# The Kraken Caper - High fantasy hijacking on the high seas - FRIDAY 2pm-6pm @ GenCon



## RangerWickett (Aug 8, 2012)

Risur and Danor have battled at sea for decades, with Risur's druidic magic matched by Danor's infernal technology. Now spies say Danor is about to launch the mightiest warship the world has ever seen -- armed with a hundred cannons and propelled by both steam and sail. Your mission? Steal it.

It's the biggest bounty of the war, and your gang of privateers, mercenaries, and marines have a man on the inside. But can six people hijack a warship from the heart of enemy territory and make it out alive ?







The game will use quick-play rules riffing off of D&D Next, as well as naval combat mechanics from E.N. Publishing's upcoming _Admiral o' the High Seas_. Right now I'm shooting for Friday afternoon at 2pm, but if people prefer another time, I'm free except for Friday night and Saturday afternoon. Next most likely time would probably be Thursday morning at 9am.

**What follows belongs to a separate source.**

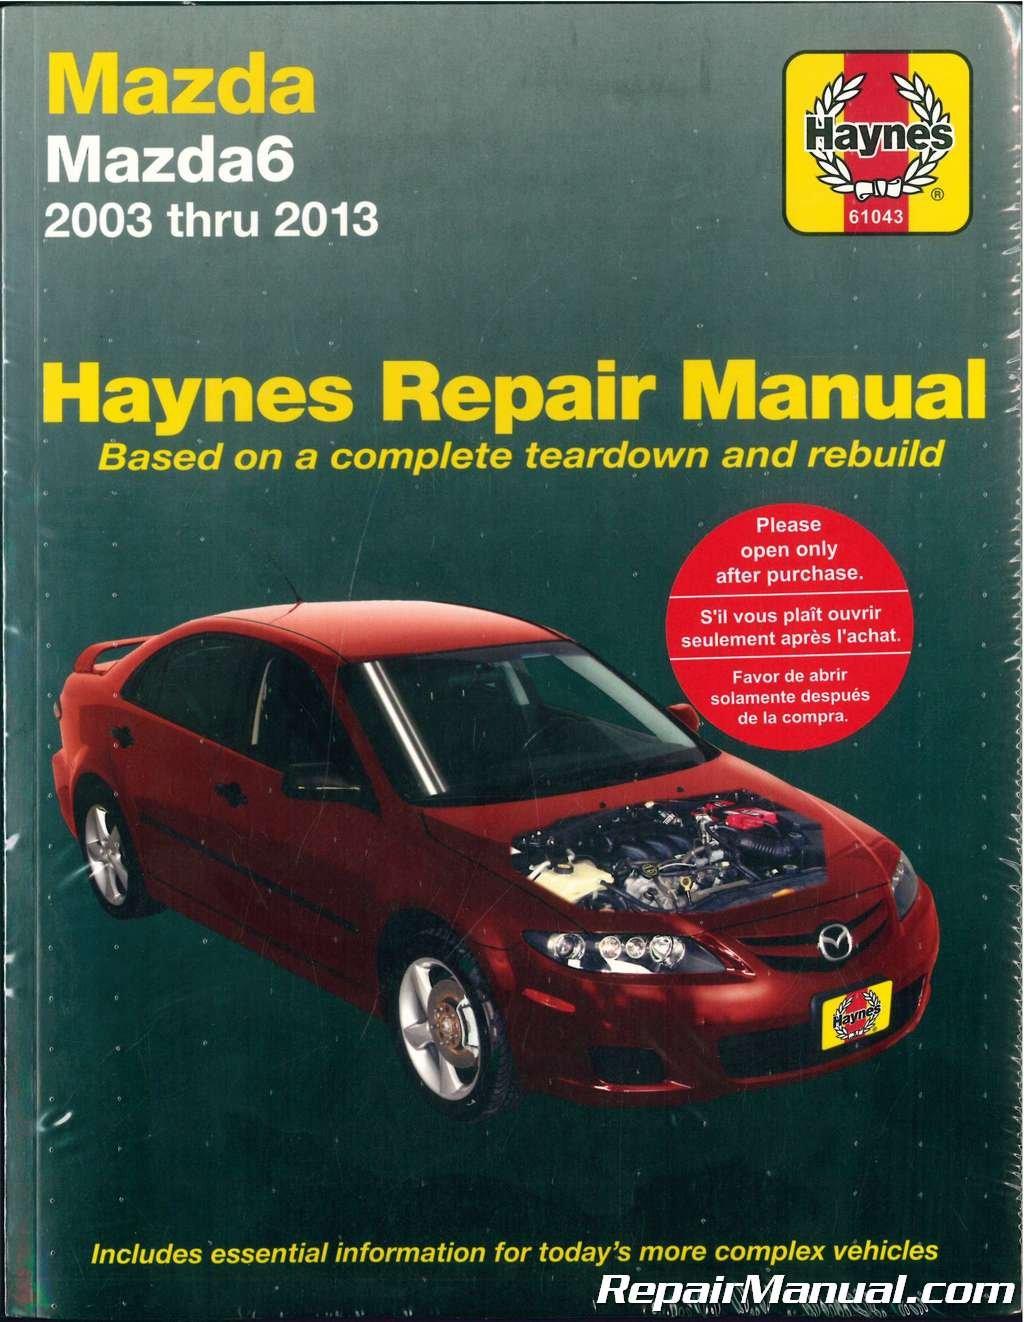 Mazda 3 Service Manual: General Procedures (Steering)
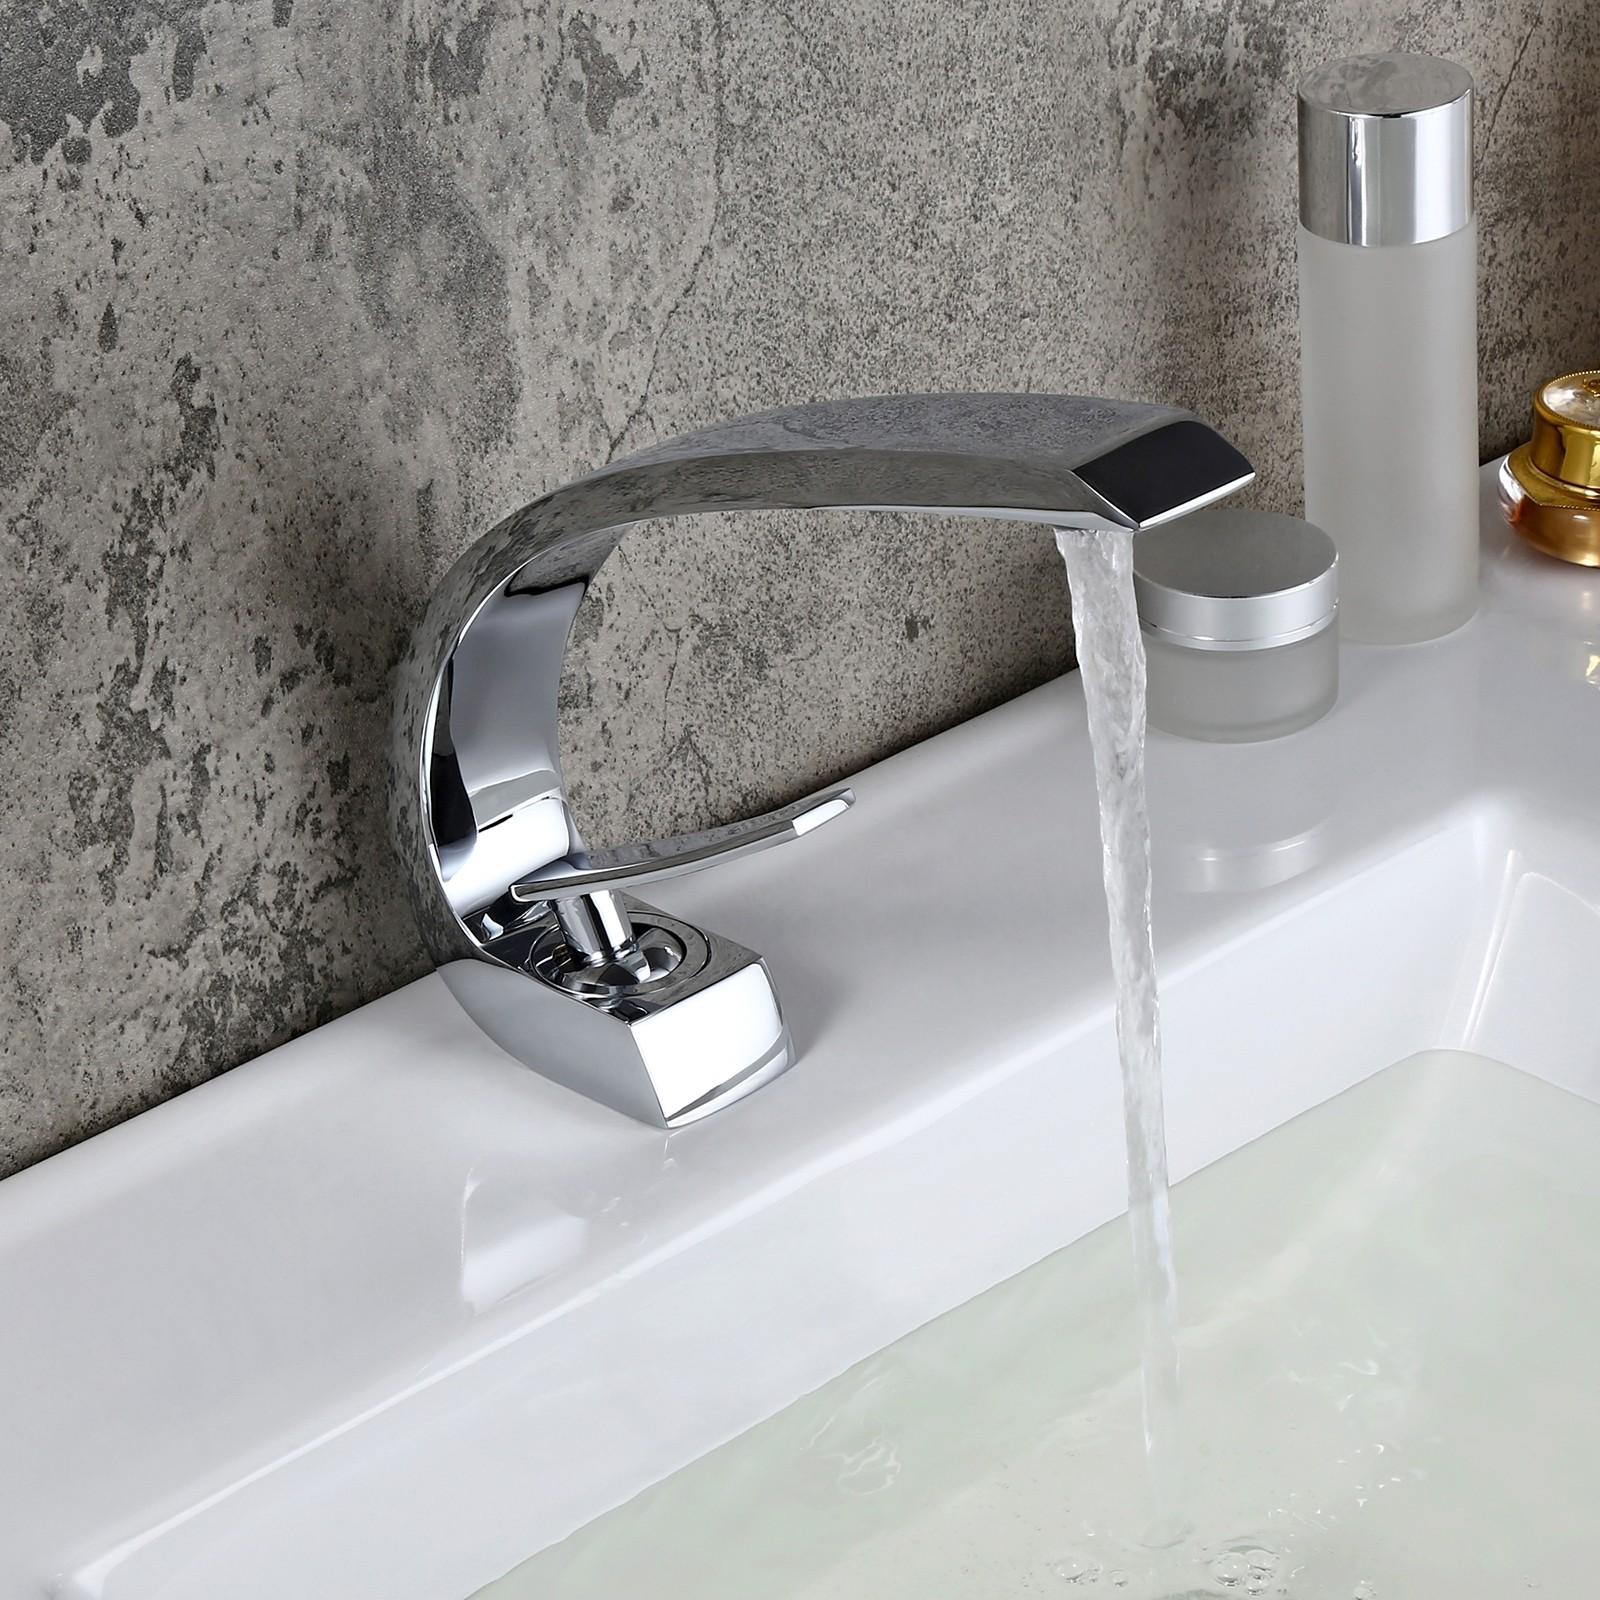 Elegant Bathroom Faucet Modern Curved

Six slots available, but I can run it with at least 3.

*Slot 1:* *OPEN*
*Slot 2:* *OPEN*
*Slot 3:* *OPEN*
*Slot 4:* *OPEN*
*Slot 5:* *OPEN*
*Slot 6:* *OPEN*


----------



## MatthewJHanson (Aug 9, 2012)

I might be interested, but I've got a game scheduled for that time. Thursday of Friday morning (ending by 2) would be better, or possibly Sunday.


----------



## RangerWickett (Aug 9, 2012)

I've got a guy over at CircvsMaximvs who's available Friday right before the ENnies, or Wednesday evening.

I'm flexible, but it's not really worth running unless I've got at least 3 people. Do you have any friends who might be interested?


----------